Below is a listing. Set down exactly the lines from the one containing "FOTO 09 - Cobertura" through the one containing "Ministerul Sănătății a", both ends included, and leave out the rest.

• _Records to process_:
= Beginning of Section =

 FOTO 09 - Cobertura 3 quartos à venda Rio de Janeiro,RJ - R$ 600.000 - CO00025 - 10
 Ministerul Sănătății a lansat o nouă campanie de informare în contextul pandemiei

= End of Section =
= Beginning of Section =

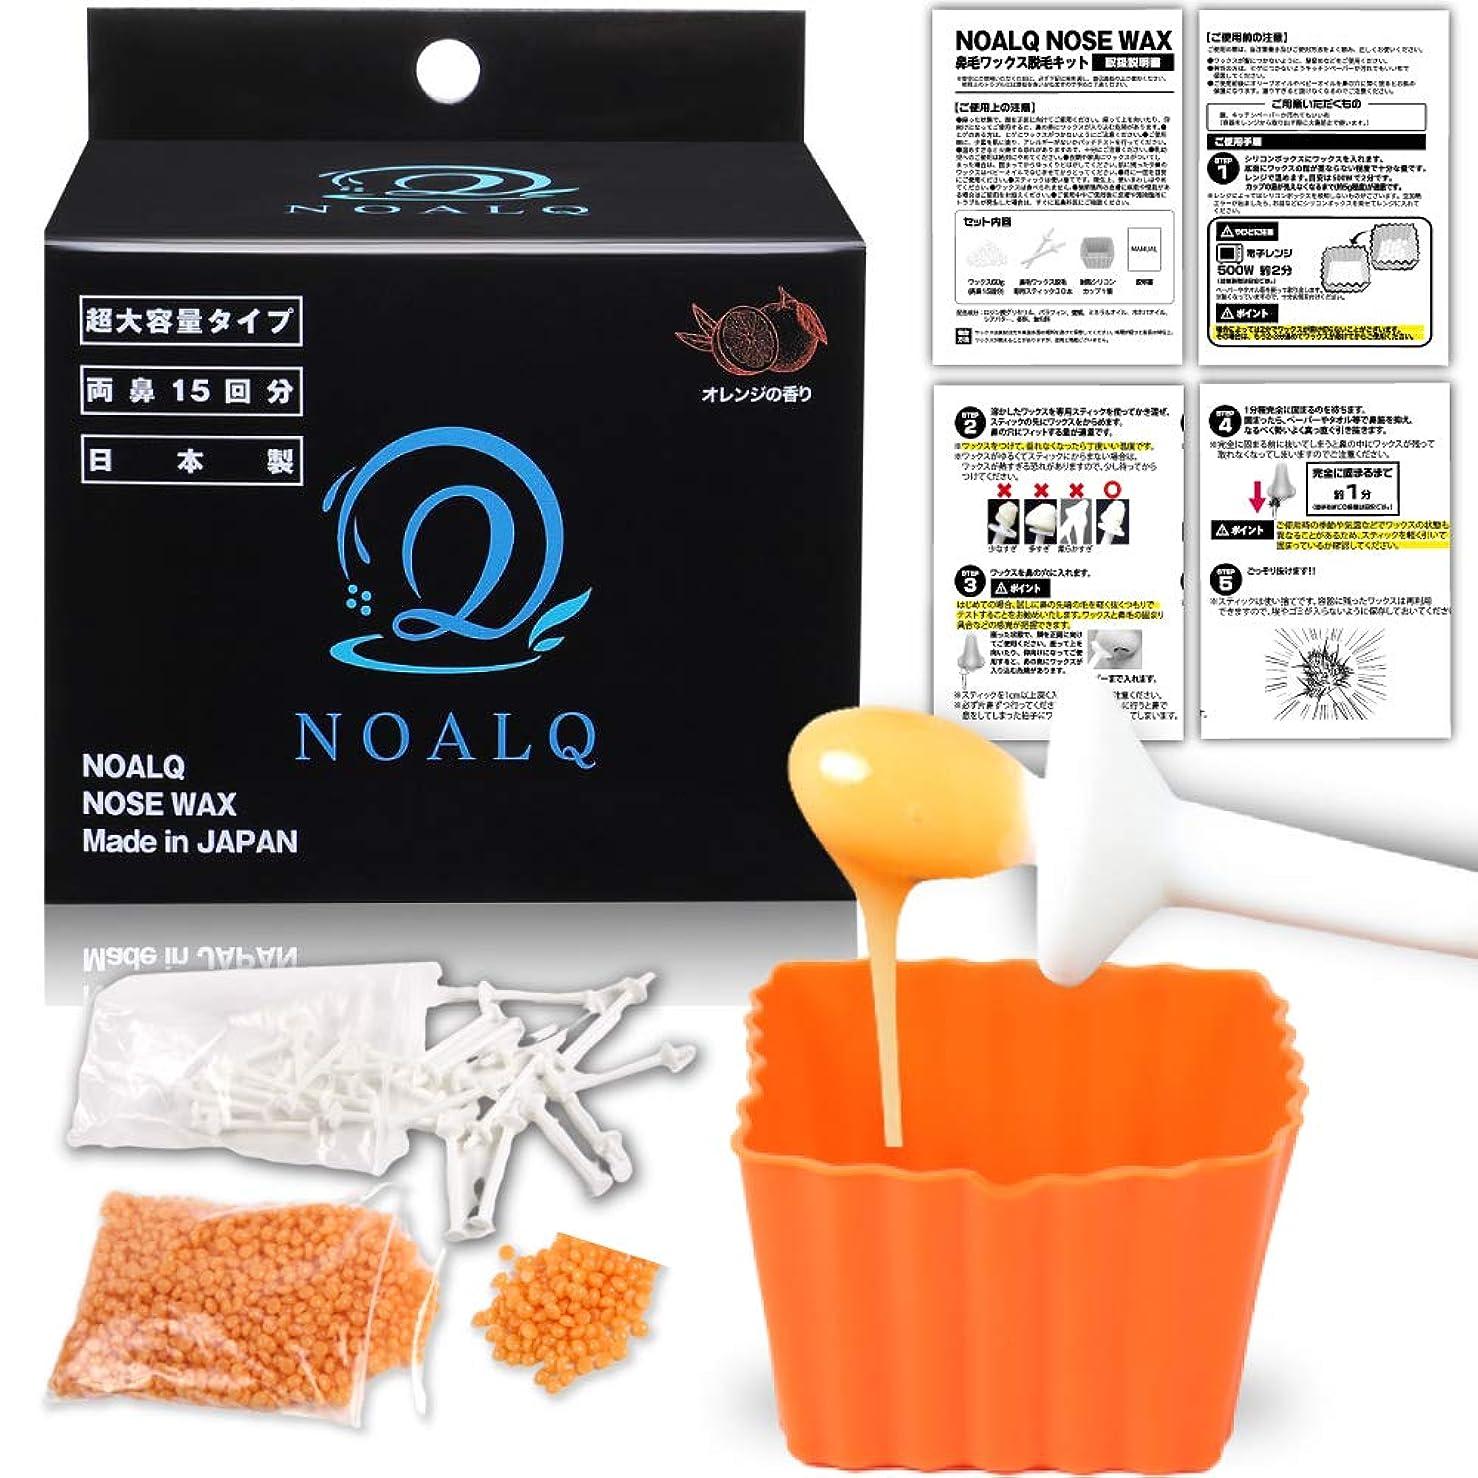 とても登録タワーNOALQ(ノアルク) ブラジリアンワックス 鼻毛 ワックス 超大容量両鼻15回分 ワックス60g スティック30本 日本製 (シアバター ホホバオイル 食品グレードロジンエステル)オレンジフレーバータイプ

= End of Section =

• _Response_:
 FOTO 09 - Cobertura 3 quartos à venda Rio de Janeiro,RJ - R$ 600.000 - CO00025 - 10
 Ministerul Sănătății a lansat o nouă campanie de informare în contextul pandemiei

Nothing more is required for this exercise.